● TASK TO CARRY OUT
Once the pictures are set aside, repeat all of the data below exactly.

(GIVEN DATA)

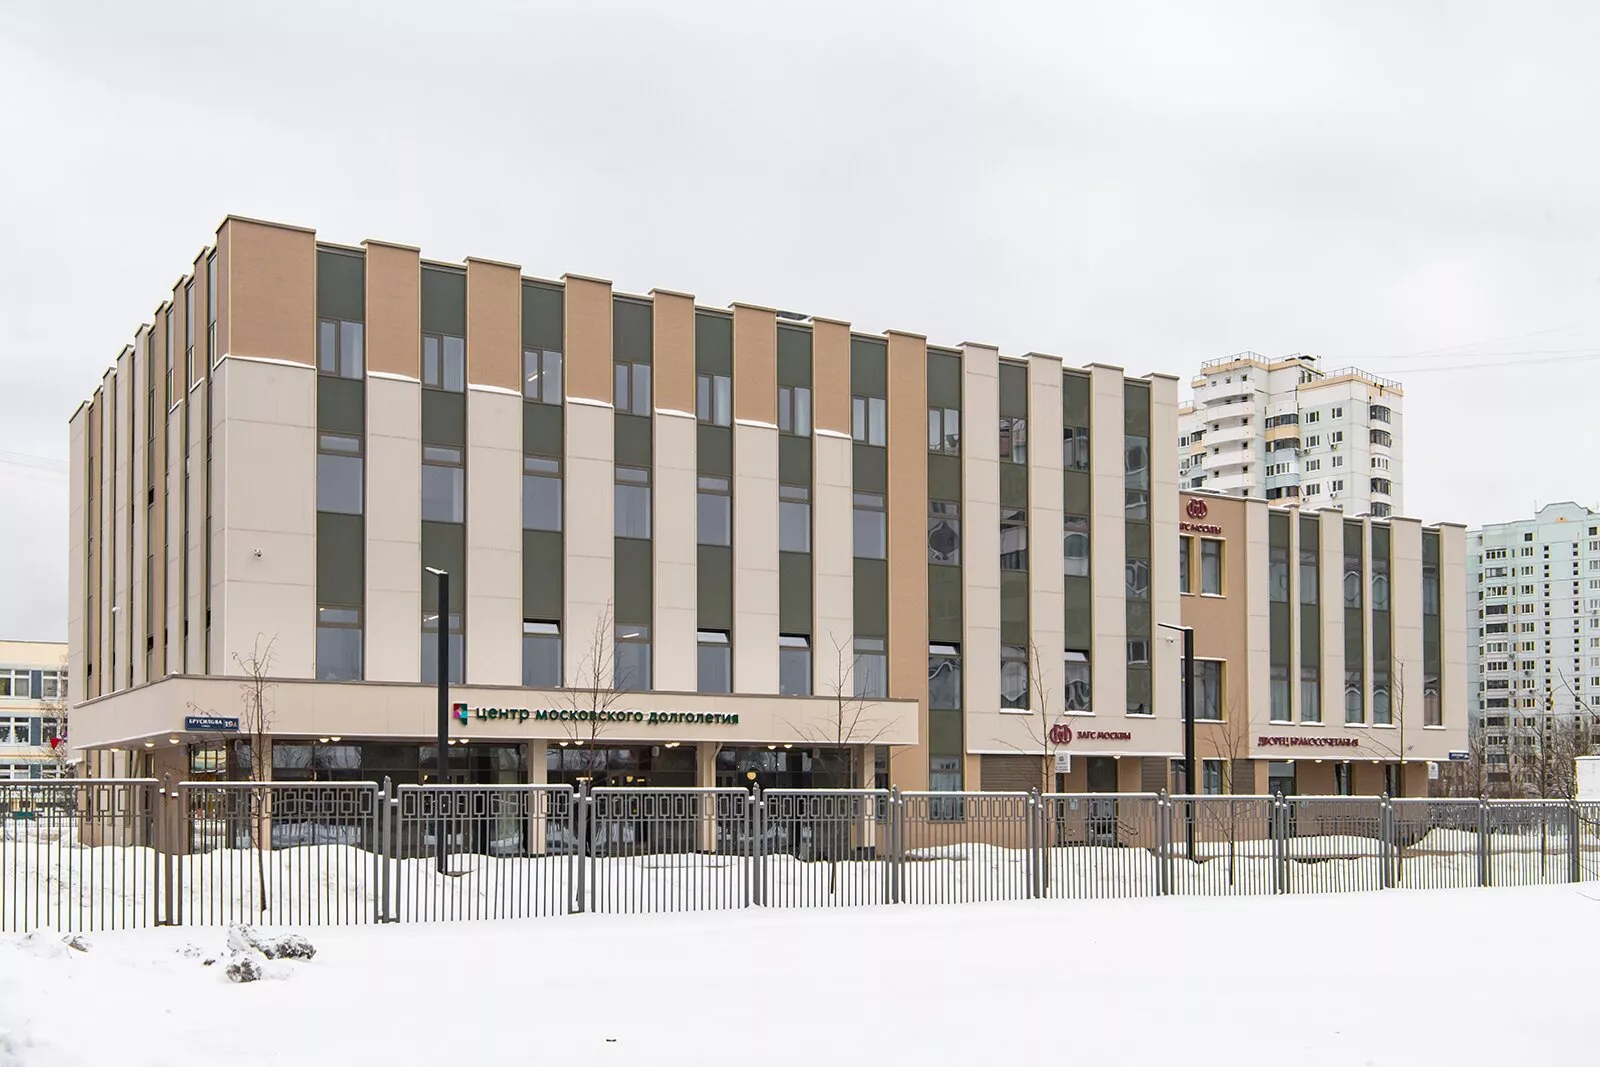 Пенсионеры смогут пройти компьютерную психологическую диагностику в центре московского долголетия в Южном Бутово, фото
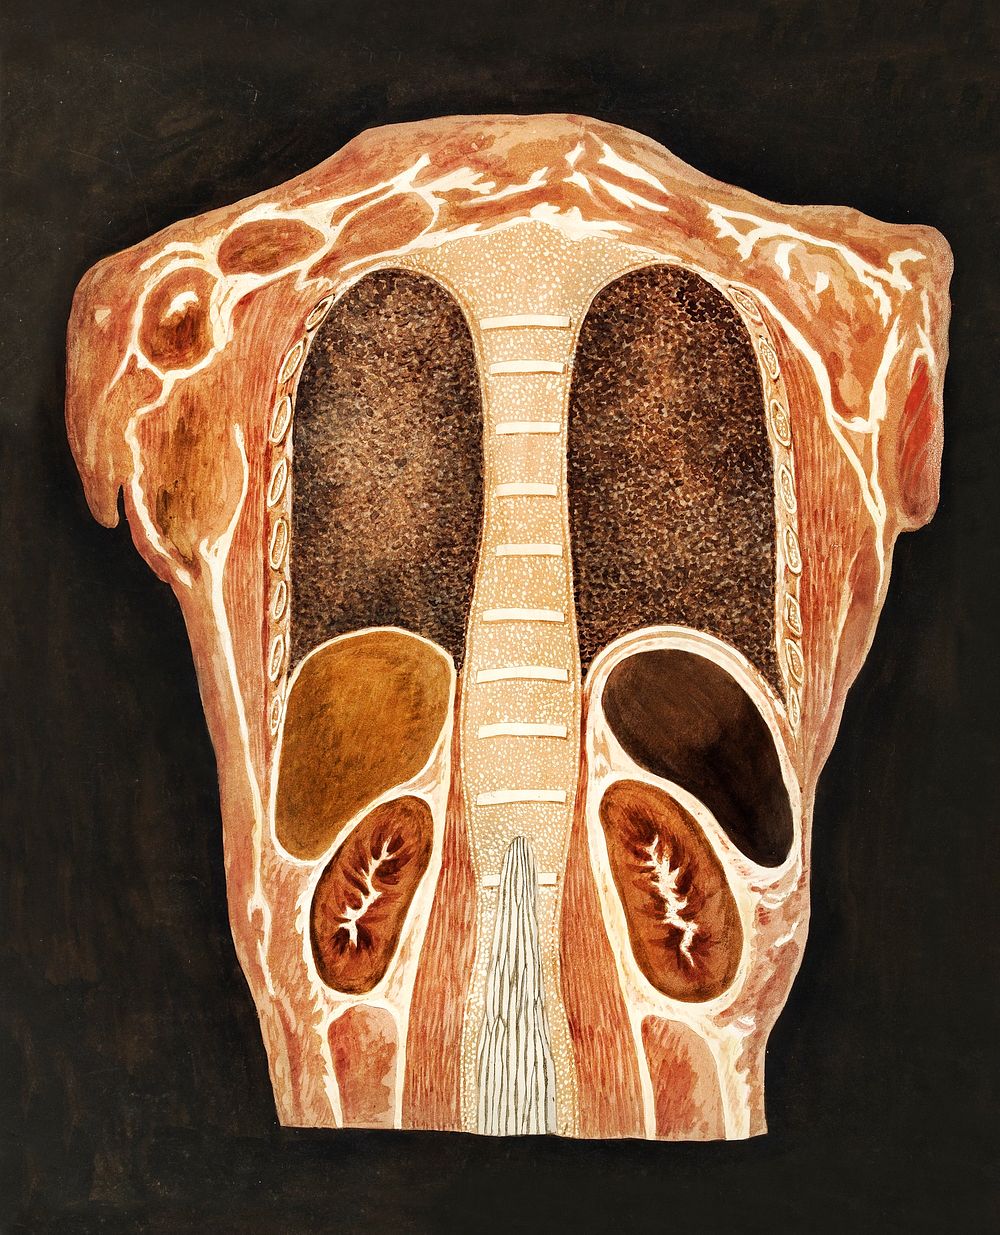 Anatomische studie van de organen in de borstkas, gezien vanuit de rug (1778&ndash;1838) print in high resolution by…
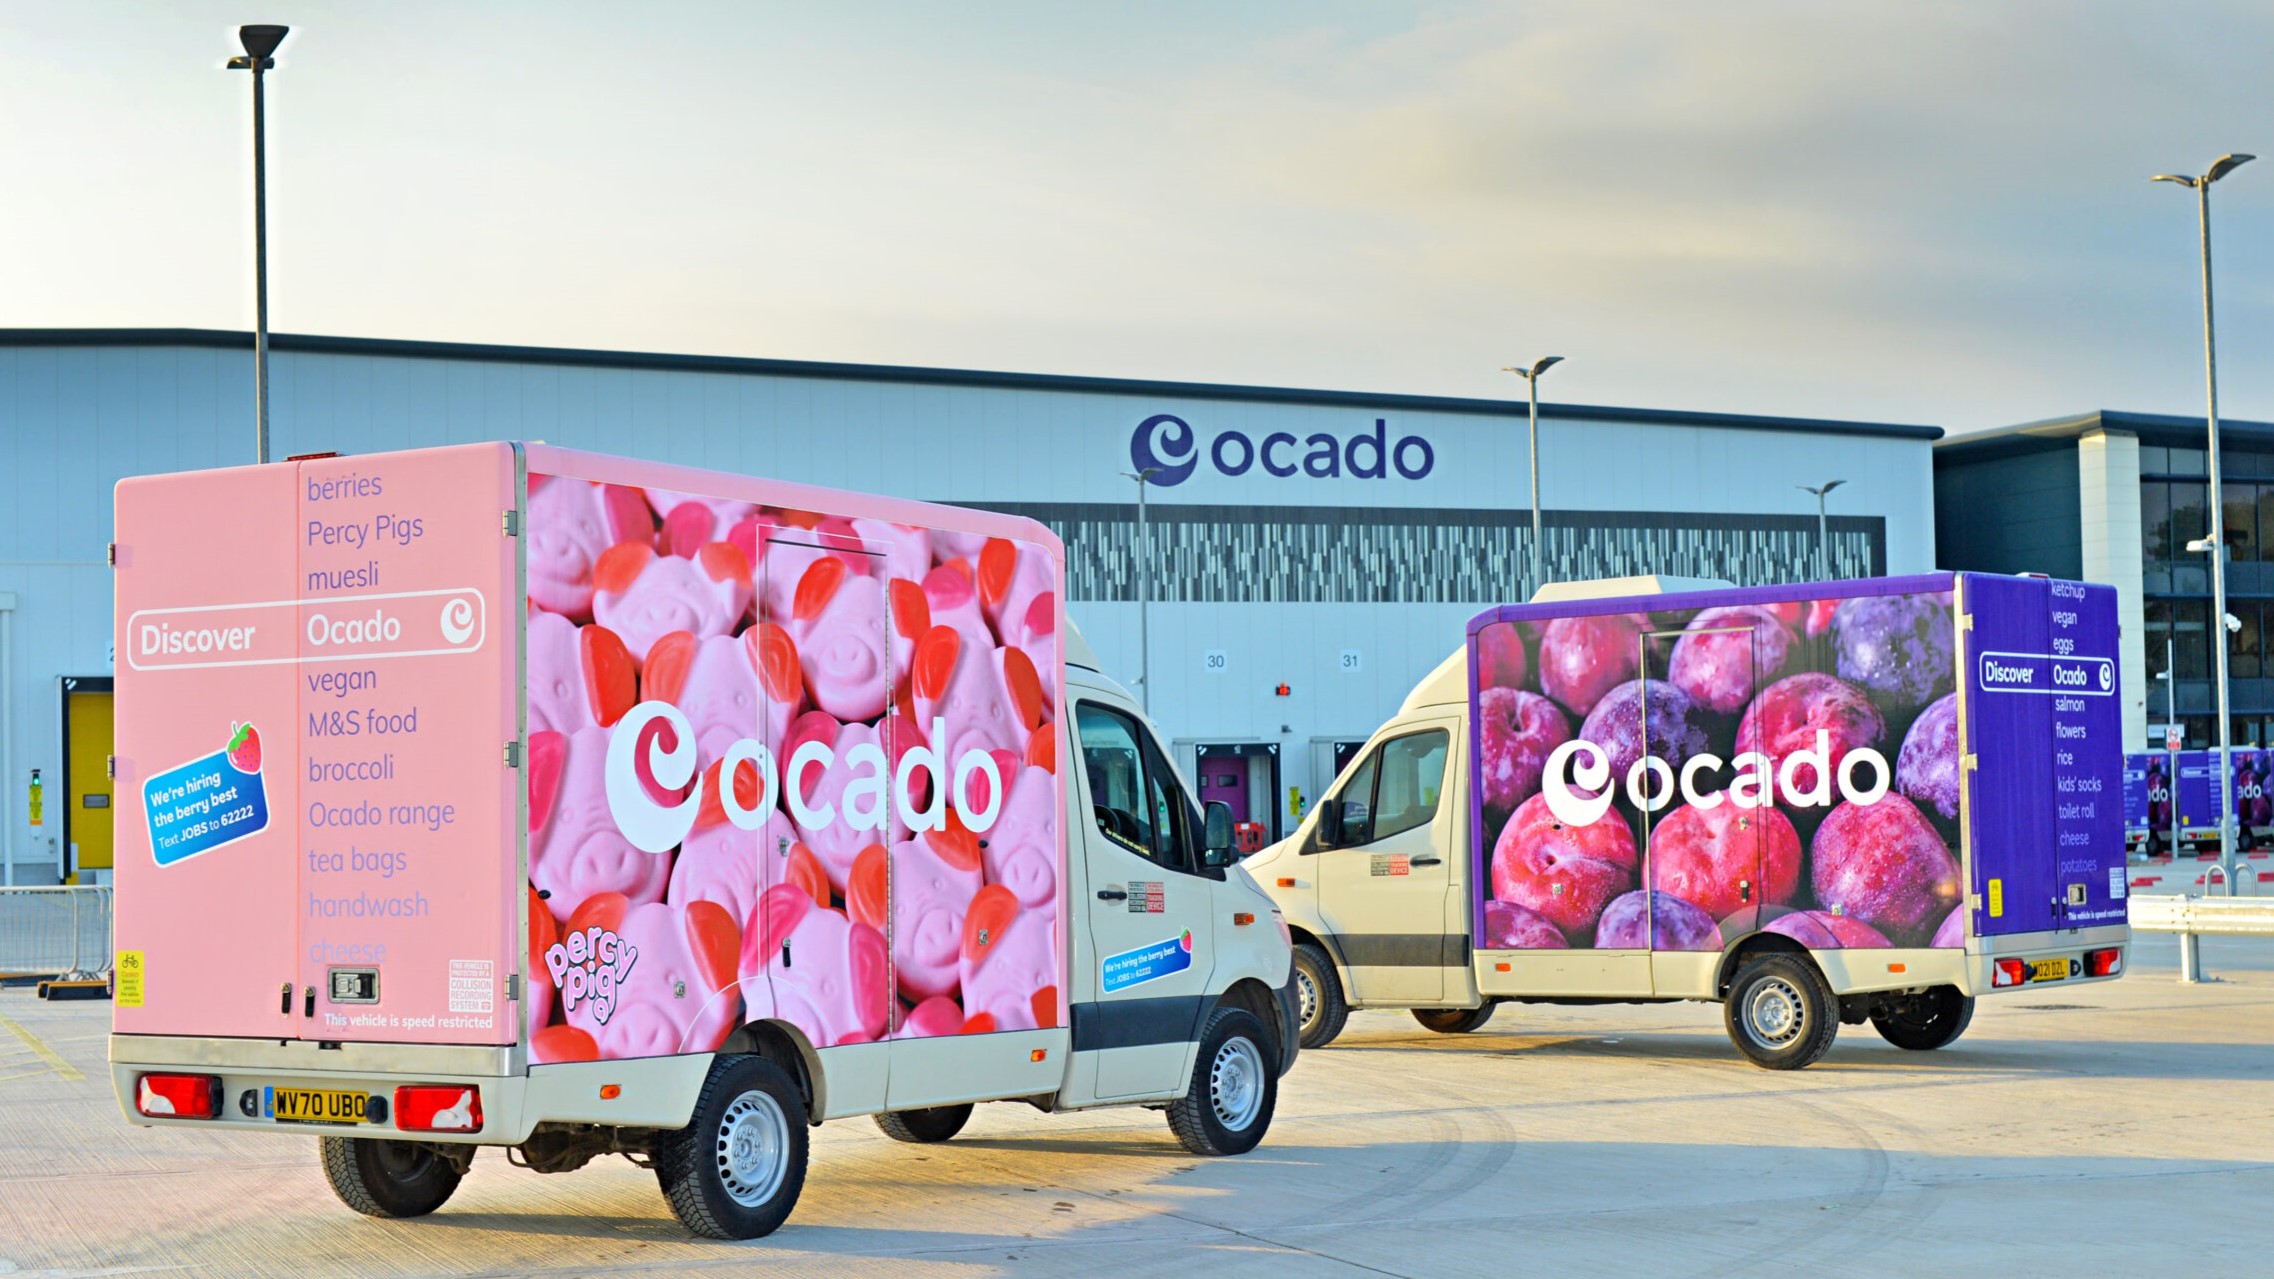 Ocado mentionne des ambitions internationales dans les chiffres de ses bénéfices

(End GIVEN DATA)

● SOLVED PROBLEM
 Пенсионеры смогут пройти компьютерную психологическую диагностику в центре московского долголетия в Южном Бутово, фото
 Anatomische studie van de organen in de borstkas, gezien vanuit de rug (1778&ndash;1838) print in high resolution by…
 Ocado mentionne des ambitions internationales dans les chiffres de ses bénéfices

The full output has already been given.